■ **Assignment**
Reproduce the listing below from the line with "PETSFIT Metal Chicken" to the line with "Antique Books On", both lines included, character for character, minus any pictures.

■ **Available data**
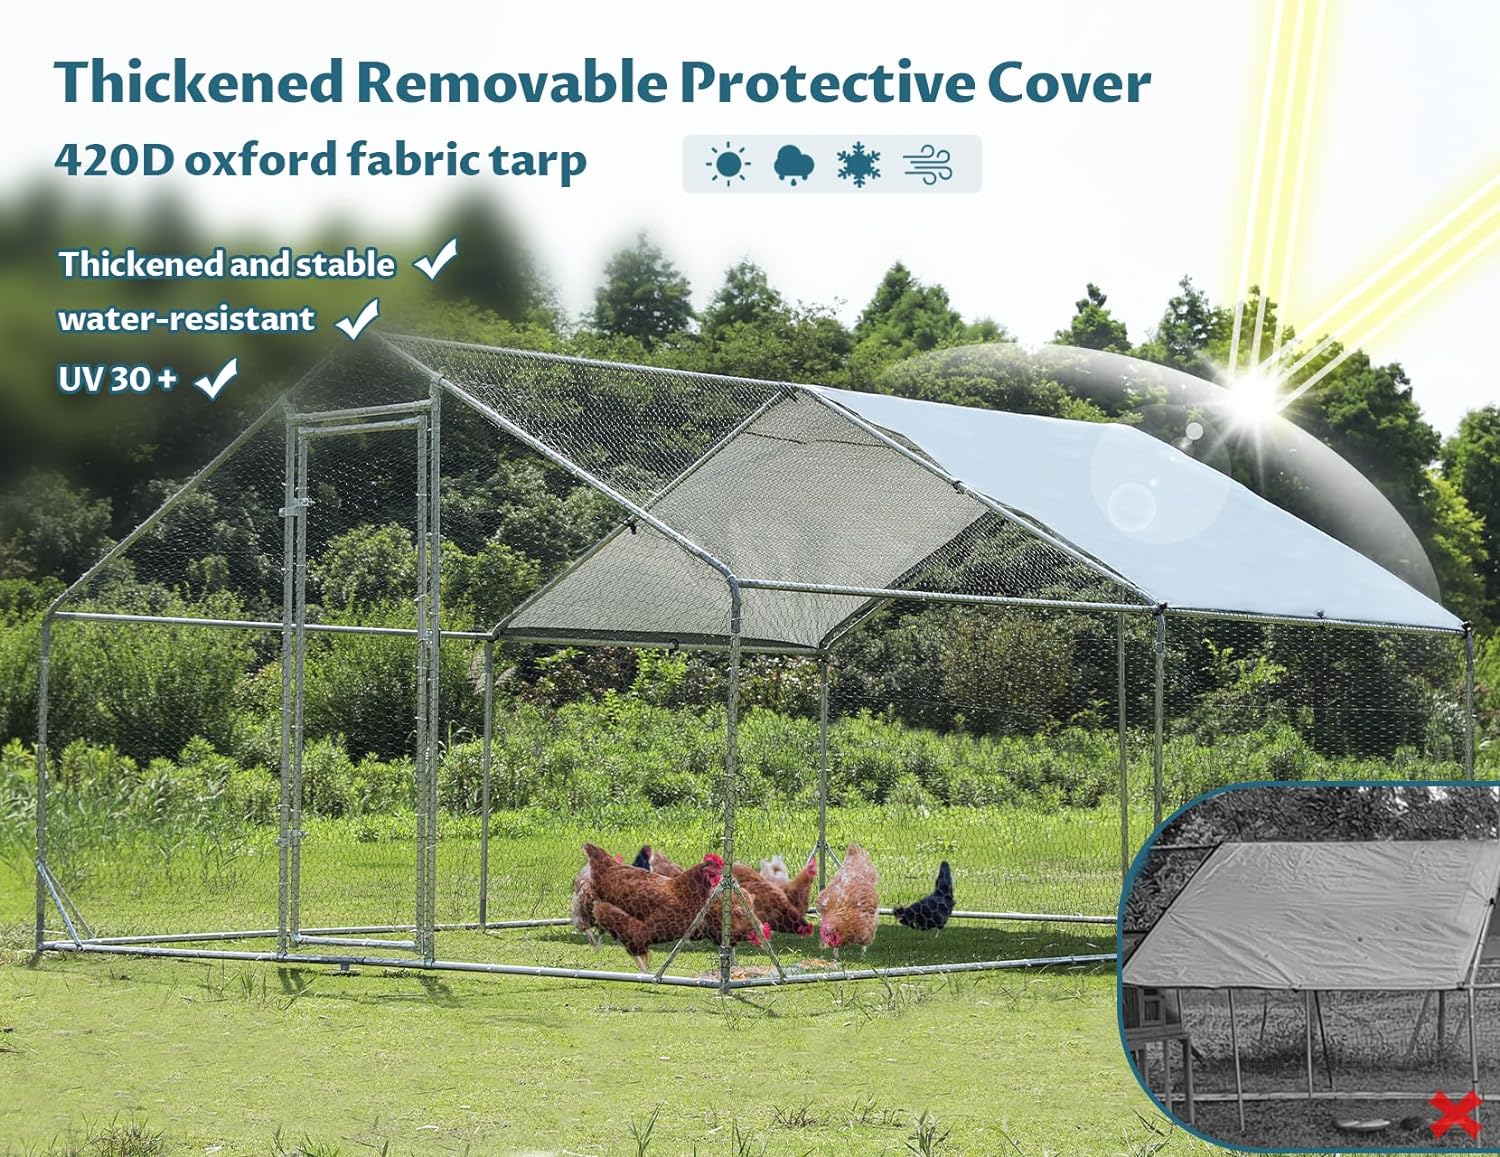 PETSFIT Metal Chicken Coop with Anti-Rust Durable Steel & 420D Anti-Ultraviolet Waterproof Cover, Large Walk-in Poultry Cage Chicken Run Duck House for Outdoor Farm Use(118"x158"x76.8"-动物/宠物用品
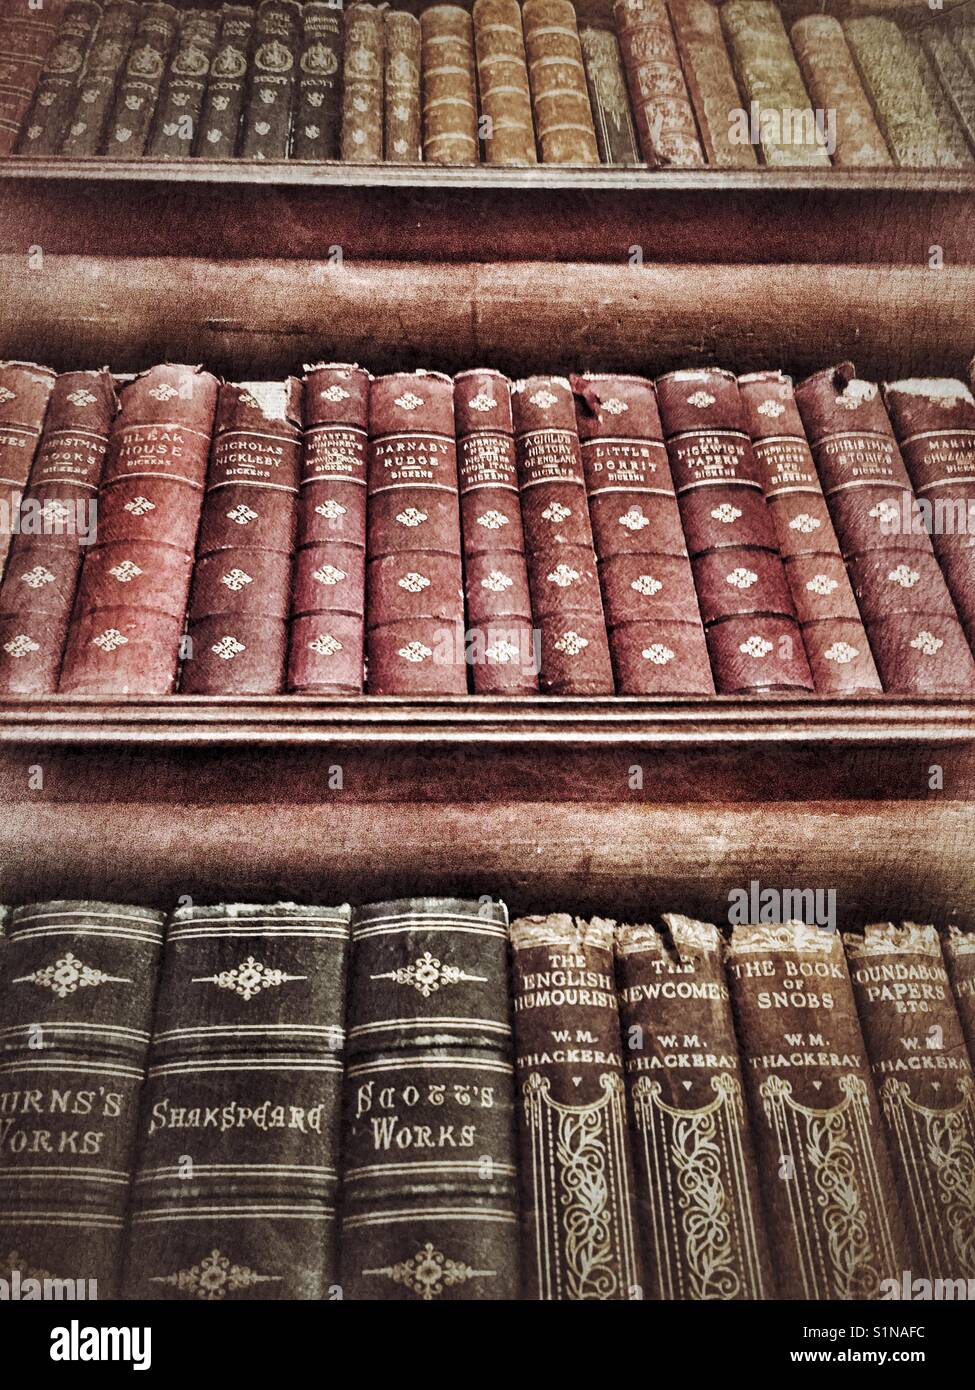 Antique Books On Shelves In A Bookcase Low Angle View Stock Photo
---
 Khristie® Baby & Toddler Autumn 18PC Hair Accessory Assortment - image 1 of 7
--
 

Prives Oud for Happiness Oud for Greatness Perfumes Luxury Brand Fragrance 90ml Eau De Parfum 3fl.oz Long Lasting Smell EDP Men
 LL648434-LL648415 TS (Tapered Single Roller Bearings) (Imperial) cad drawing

■ **Your solution**
 PETSFIT Metal Chicken Coop with Anti-Rust Durable Steel & 420D Anti-Ultraviolet Waterproof Cover, Large Walk-in Poultry Cage Chicken Run Duck House for Outdoor Farm Use(118"x158"x76.8"-动物/宠物用品
 Antique Books On Shelves In A Bookcase Low Angle View Stock Photo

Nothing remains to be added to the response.